Adrenal oncocytomas are rare tumours, with only approximately 160 cases reported in the literature. We report the use of urinary steroid profiling as part of their diagnostic evaluation and prognostication. A 45-year-old woman presented with clinical features of hyperandrogenism. Serum biochemistry confirmed androgen excess and computed tomography (CT) demonstrated a 3.2 cm adrenal tumour with density 39 HU pre-contrast.
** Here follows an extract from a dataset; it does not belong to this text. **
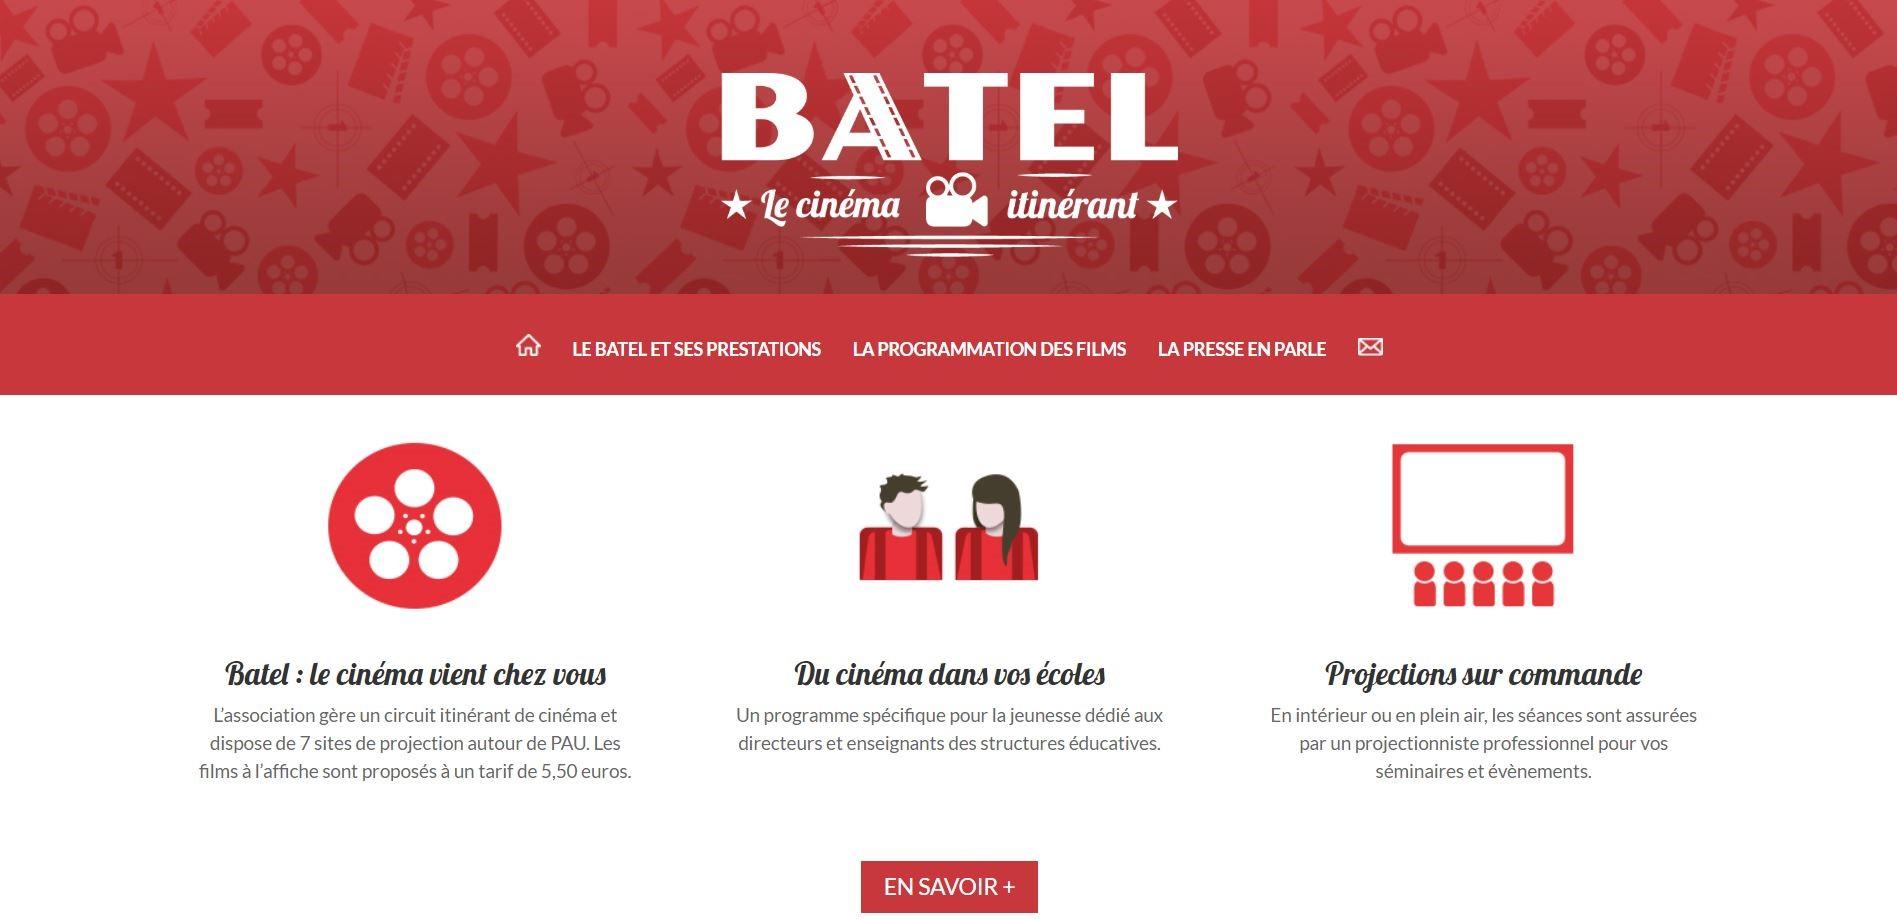 homepage web fond blanc en-tête rouge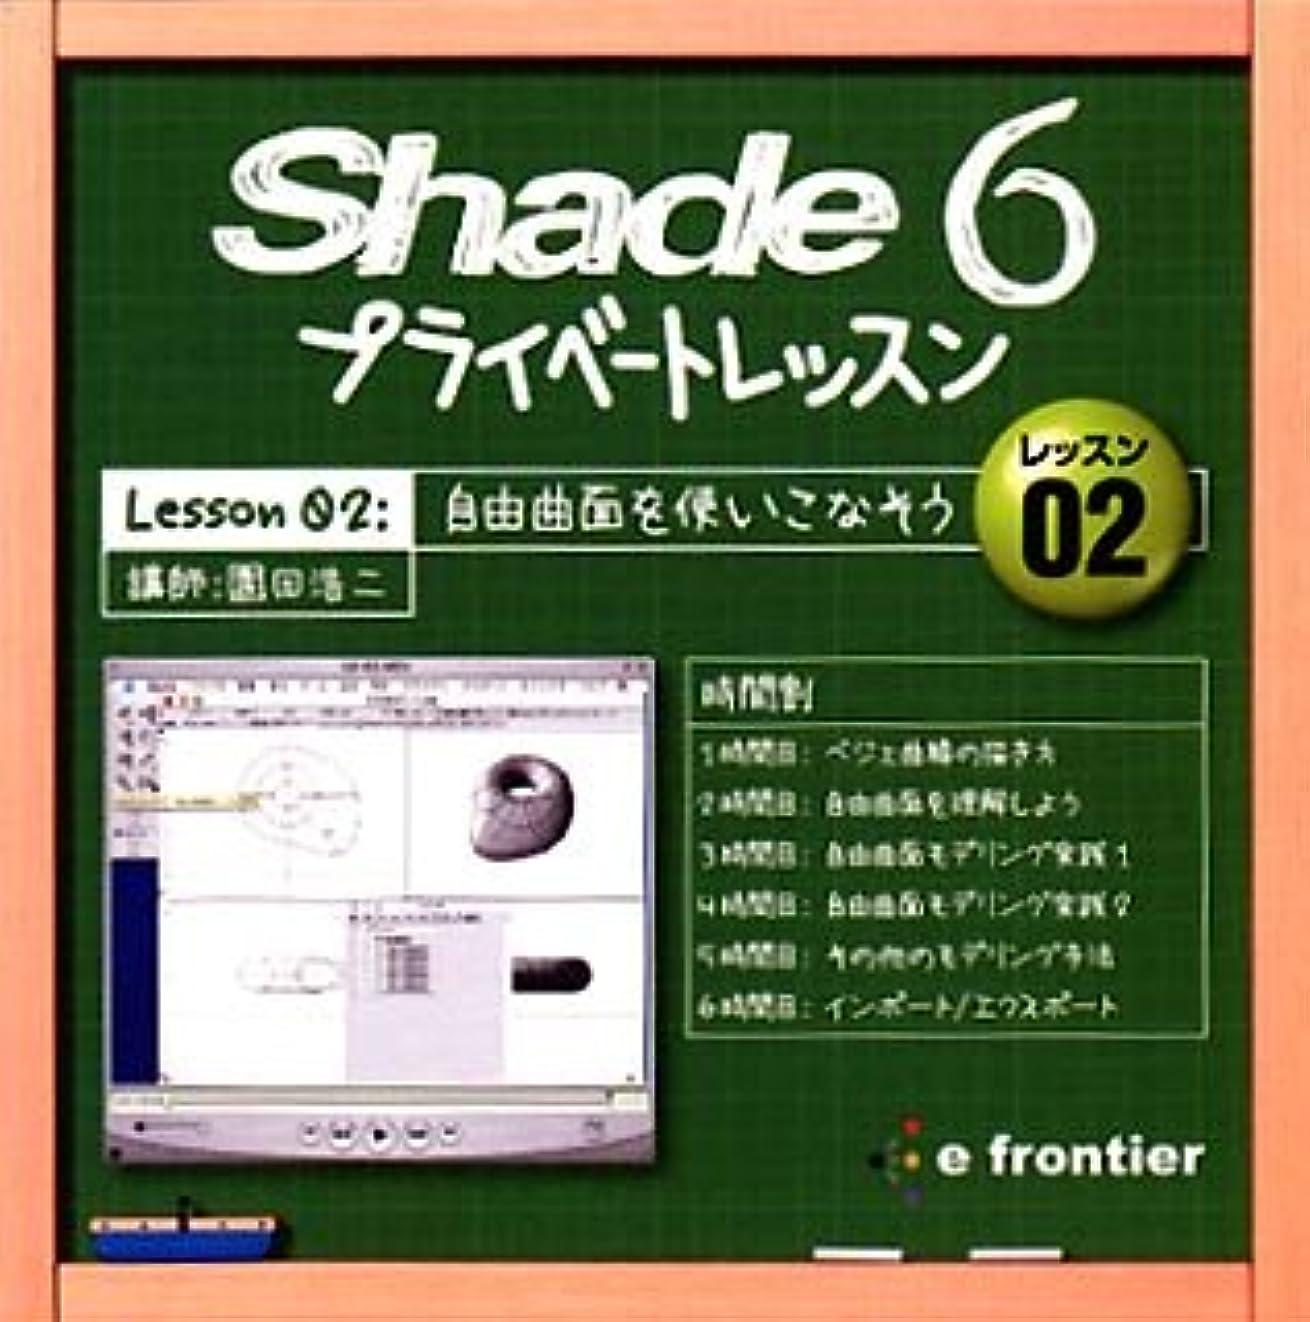 識字アクロバット耕すShade 6 プライベートレッスン Lesson 02:自由曲面を使いこなそう

Urine steroid profiling showed elevated tetrahydro-11 deoxycortisol (THS), which is associated with adrenal malignancy. Laparoscopic adrenalectomy was performed, and histopathology diagnosed adrenal oncocytoma. Serum and urinary biochemistry resolved post-operatively and remained normal at 1-year follow-up.

Learning points:

  • Differential diagnosis of adrenal masses is challenging. Current techniques for differentiating between tumour types lack sensitivity and specificity.

  • 24-h urinary steroid profiling is a useful tool for reflecting steroid output from adrenal glands. Gas chromatography-mass spectrometry (GC-MS) of urinary steroid metabolites has sensitivity and specificity of 90% for diagnosing adrenocortical carcinoma.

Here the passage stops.